Дурацкое платье, сидящее на мне, как на корове седло, блестящие босоножки с высоким каблуком, торчащие в разные стороны волосы, ни грамма косметики, естественно, откуда ей взяться в этом доме, а спрашивать я принципиально не стала… И, контрастом всему этому деревенскому гламуру — моя татуха за ухом, которая теперь смотрится просто вызывающе. Звезда, что и говорить…
— Я не думаю, что будет что-то… серьезное, — аккуратно отвечаю я Ваньке, — скорее, просто посмотрю на кого-то… Может, твой отец хочет убедиться, что мы не врем?
— Да пошел он!..
— Ваня!
— Ну а чего он? Мне вообще тут не нравится!
— Да, а мне казалось, что наоборот… И друзья его тебе понравились…
Ванька вздыхает, успокаиваясь.
Этот разговор у нас не первый за вечер, и, если в самом начале Ванька был категоричен и вообще не хотел и слышать о том, чтоб остаться тут, в доме, в компании Серого, то сейчас видно, что уже утомился и исчерпал аргументы. Уверена, что , стоит нам уйти, и мальчишка сразу уснет, так набегался за день, наигрался. Стрелял много, потом опять плавал, потом Ар его учил какому-то виду борьбы…

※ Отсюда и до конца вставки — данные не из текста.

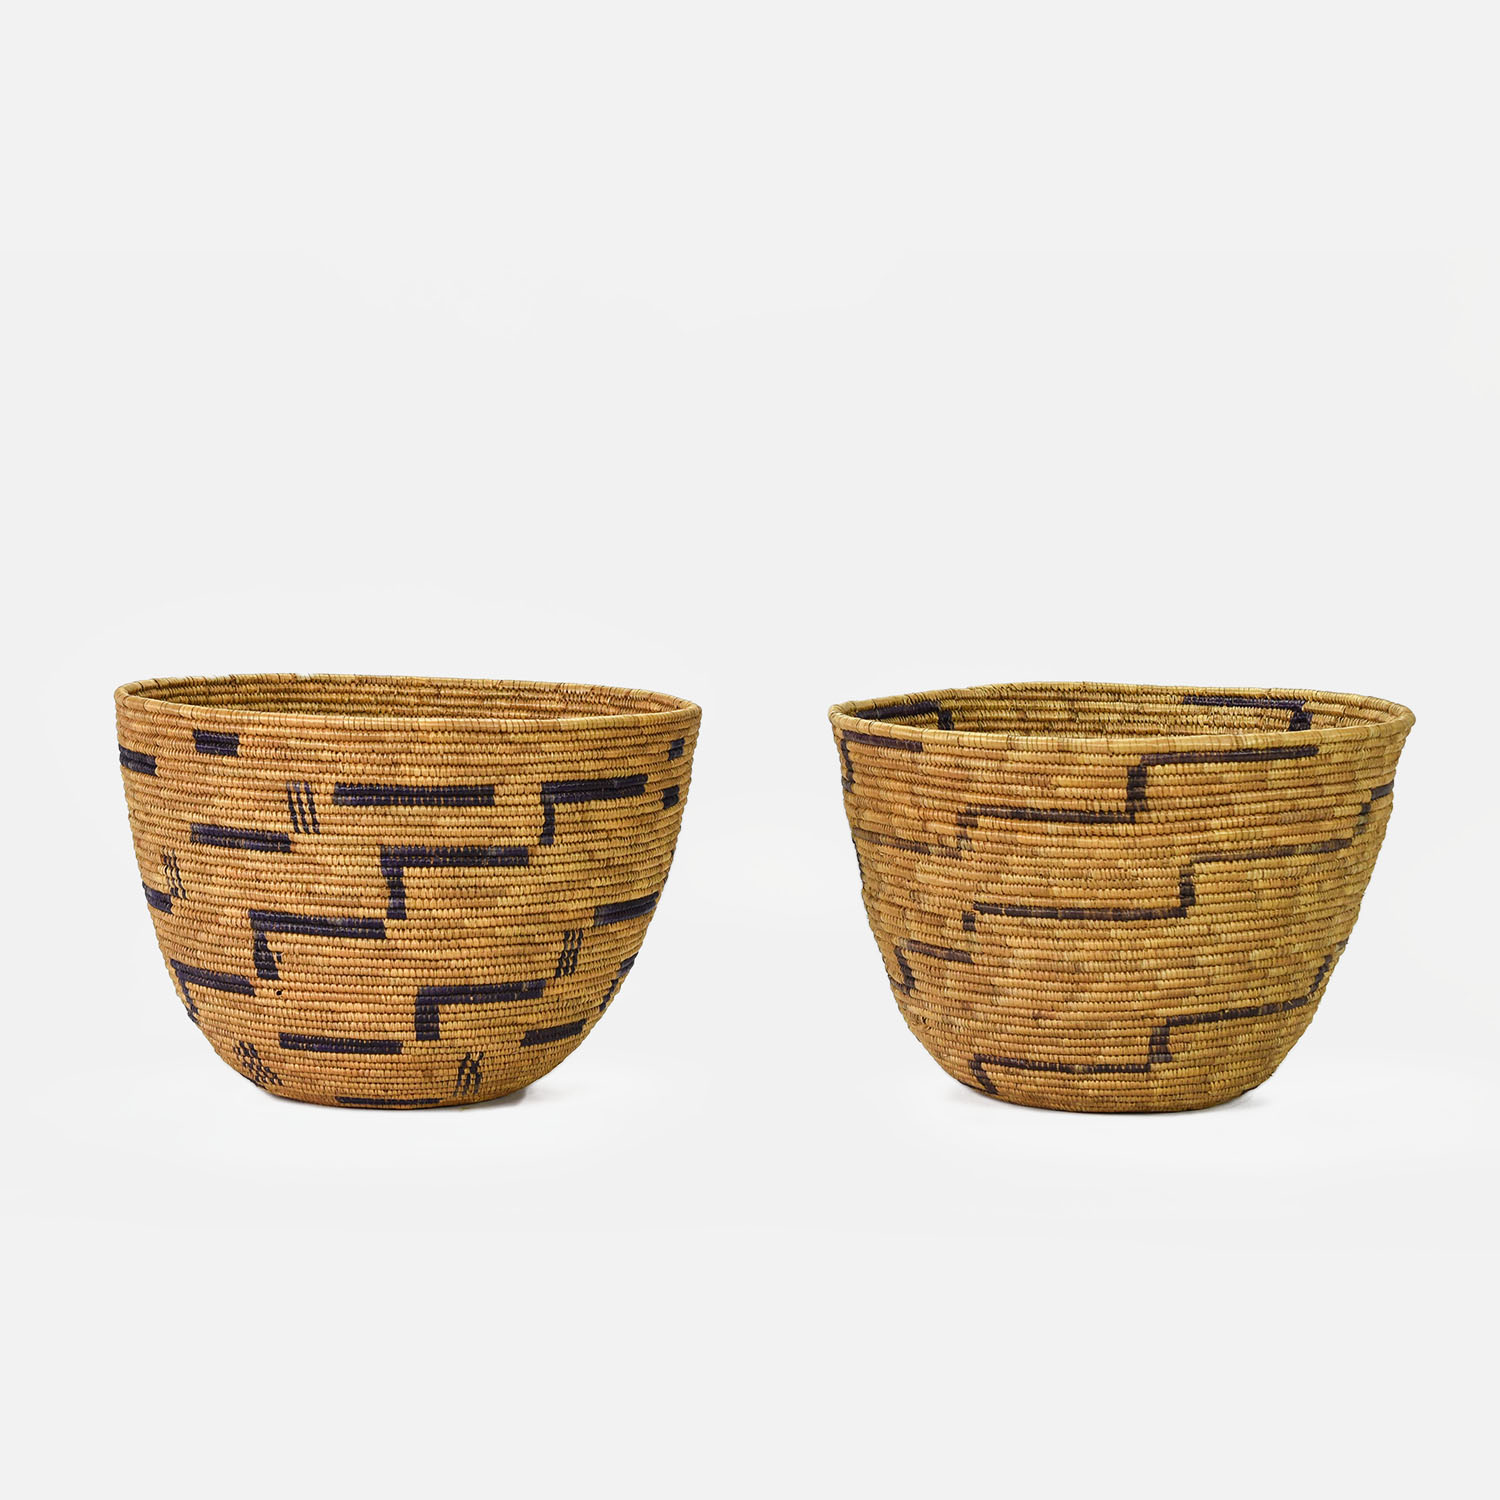 Two Papago Native American Indian Coil Baskets

Короче говоря, день был проведен активно, и мне там места, если быть совсем уж откровенной, не оставалось.
Я тоже не впустую время провела: и походила, и пострадала, и в подушку покричала… А еще приготовила есть, опять на всех присутствующих в доме мужчин, хотя планировалось только на Ваньку, и понаблюдала за занятиями взрослых мальчиков с расстояния.
Не знаю, есть ли у Каза с Аром свои дома, но вели они себя так, словно тут прописаны, очень по-хозяйски. Правда, меня не доставали совершенно. С того момента, как Хазаров на руках унес в дом, будто отрезало. Даже Каз не цеплял своими глупыми полу-шутками, полу-намеками…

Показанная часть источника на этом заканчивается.